Aż wreszcie usłyszał upragniony odgłos: ciężkie dudnienie kopyt bojowych rumaków. Przez prześwit między kamieniami dostrzegł też kalkara — potwór także dosłyszał ten dźwięk, wyprostował się i odwrócił w kierunku, z którego dobiegał odgłos.
Rumaki zatrzymały się, Halt usłyszał wrzask śmiertelnie ranionego kalkara, który dojrzał nowego nieprzyjaciela. Potem znów tętent, z każdą chwilą przybierający na sile i prędkości, upiorny wrzask i błysk czerwonego światła, które na chwilę rozjaśniło niebo. Halt doszedł do wniosku, że prawdopodobnie rycerze wepchnęli bestię w ogień. Powoli, niedostrzegalnie, zaczął wyczołgiwać się ze swojej kryjówki w nadziei, że być może uda mu się skorzystać z odwróconej uwagi pozostałego przy życiu kalkara, dopaść muru i przeskoczyć na drugą stronę, nim zostanie zauważony. To mogło się udać, stwór spoglądał w innym kierunku i nasłuchiwał dobiegających z zewnątrz odgłosów. Jednak Halt w tej samej chwili zdał sobie sprawę, że ucieczka nie jest żadnym wyjściem: choć kalkar jakby przez chwilę o nim zapomniał, ruszył teraz ku zwałowi gruzu tworzącemu coś na kształt schodów wiodących ku szczytowi muru.

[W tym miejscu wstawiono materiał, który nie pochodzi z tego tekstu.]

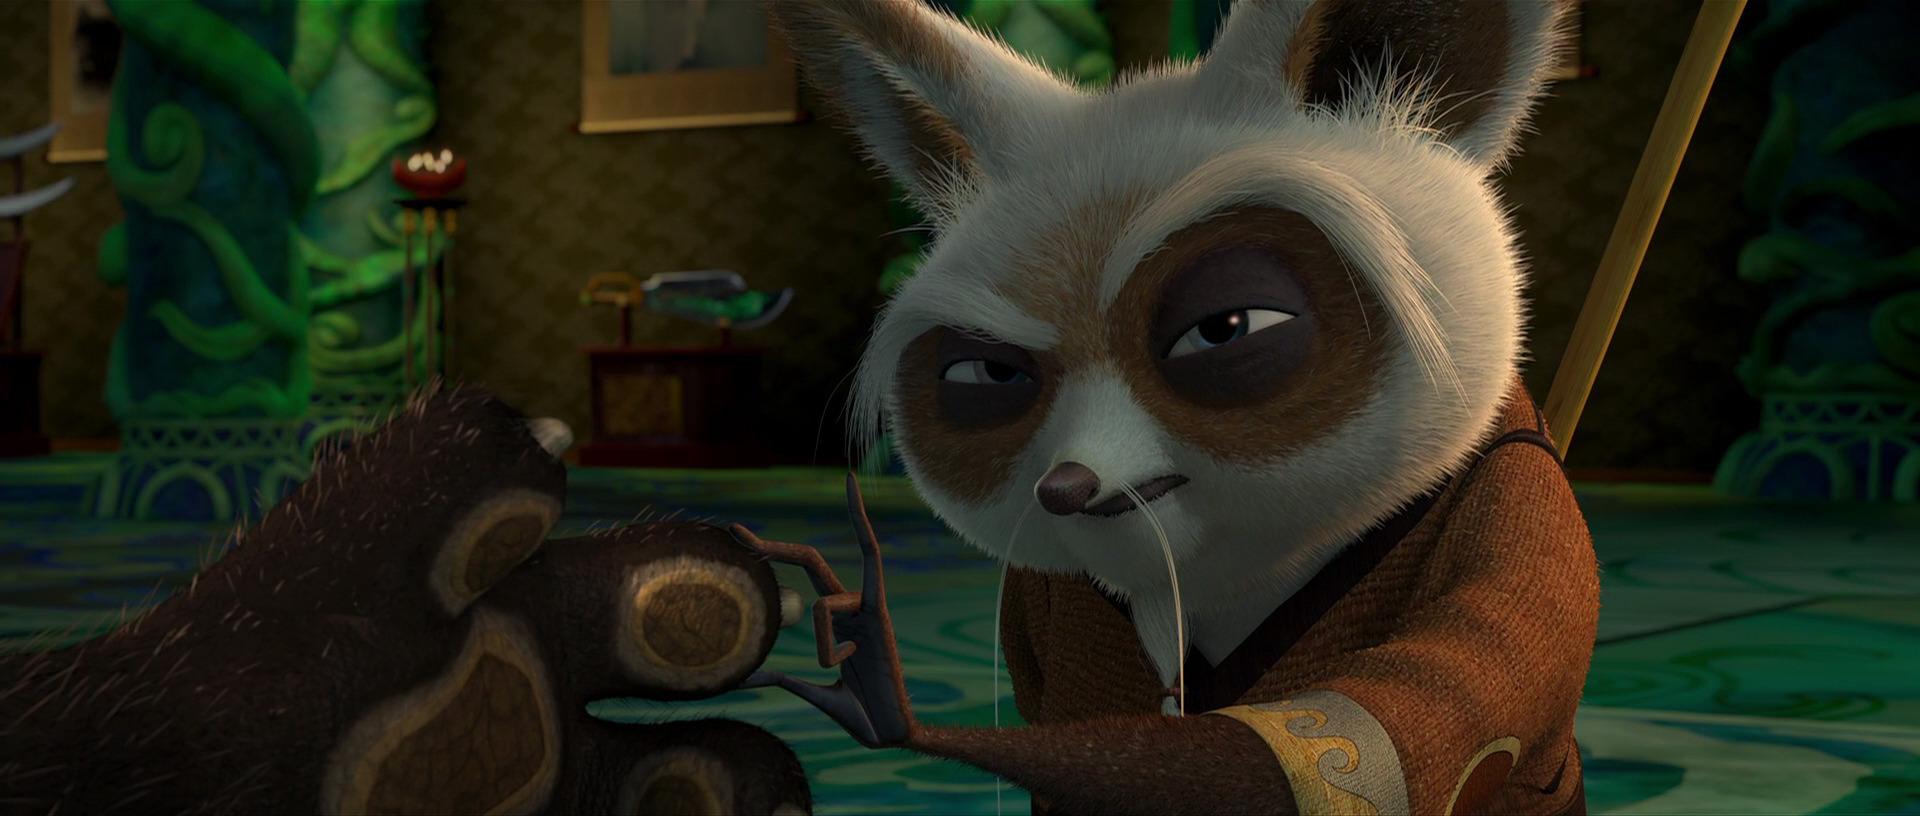 Wuxi finger hold kung fu panda wiki the online - Kung fu panda shifu ...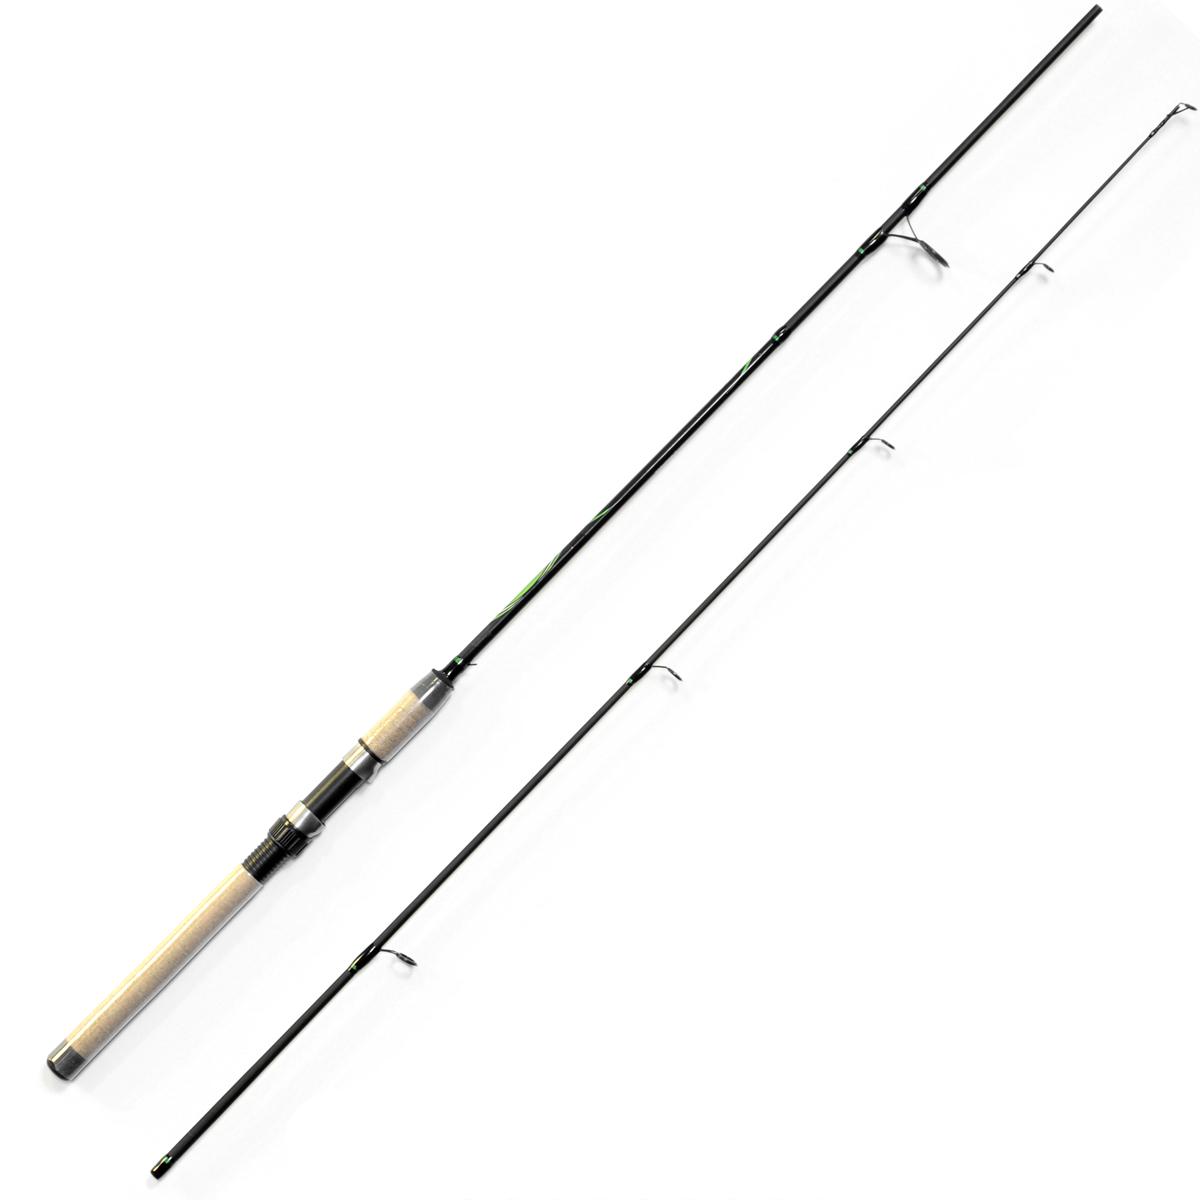 Спиннинг Salmo Sniper ULTRA SPIN 25 2.10, длина 2,1м, 5-25гPGPS7797CIS08GBNVУниверсальный спиннинг среднего строя из композита. Бланк имеет классическую расстановку колец со вставками SIC на одной ножке крепления, а самое большое – на двух, стык колен спиннинга произведен по типу OVER STEEK. Ручка имеет классический катушкодержатель с нижней гайкой крепления и пластиковый наконечник на торце.- Материал бланка удилища – композит- Строй бланка средний- Класс спиннинга M- Конструкция штекерная- Соединение колен типа OVER STEEK- Кольца пропускные:– усиленные– со вставками SIC– с расстановкой по классической концепции- Рукоятка: пробковая- Катушкодержатель:– винтового типа- Проволочная петля для закрепления приманок

Jeszcze minuta, dwie, a znajdzie się na górze i skoczy na niczego niespodziewających się towarzyszy po drugiej stronie, zaskoczy ich i zabije. Halt musiał powstrzymać potwora.
Wyczołgał się ze swej kryjówki i z małym nożem dobytym z pochwy przebiegł przez dziedziniec, kulejąc i klucząc pośród zwałów gruzu. Nim zrobił dziesięć kroków, kalkar dosłyszał go, odwrócił się w jego stronę i ruszył ku niemu przerażającymi w swej groteskowości małpimi susami. Potwór najwyraźniej chciał go odciąć od towarzyszy, nie pozwolić, by ich ostrzegł.
Nagle Halt stanął jak wryty, nieruchomy niby kamień, wpatrzony w pędzącą ku niemu monstrualną, powłóczącą nogami sylwetkę.
Jeszcze kilka metrów, a hipnotyzujące spojrzenie pozbawi go woli i panowania nad własnymi myślami. Doznał dojmującego pragnienia, by spojrzeć w te upiorne, czerwone ślepia. Jednak zamiast tego zamknął oczy, skupił się w rozpaczliwym wysiłku umysłu, podniósł rękę trzymającą nóż, cofnął ją i wyrzucił do przodu jednym płynnym, nieomylnym ruchem; jednocześnie w pamięci obliczył prędkość biegnącego przeciwnika, kierunek i kąt rzutu, koncentrując się na punkcie w przestrzeni, gdzie ruchomy cel i lecący nóż musiały się spotkać.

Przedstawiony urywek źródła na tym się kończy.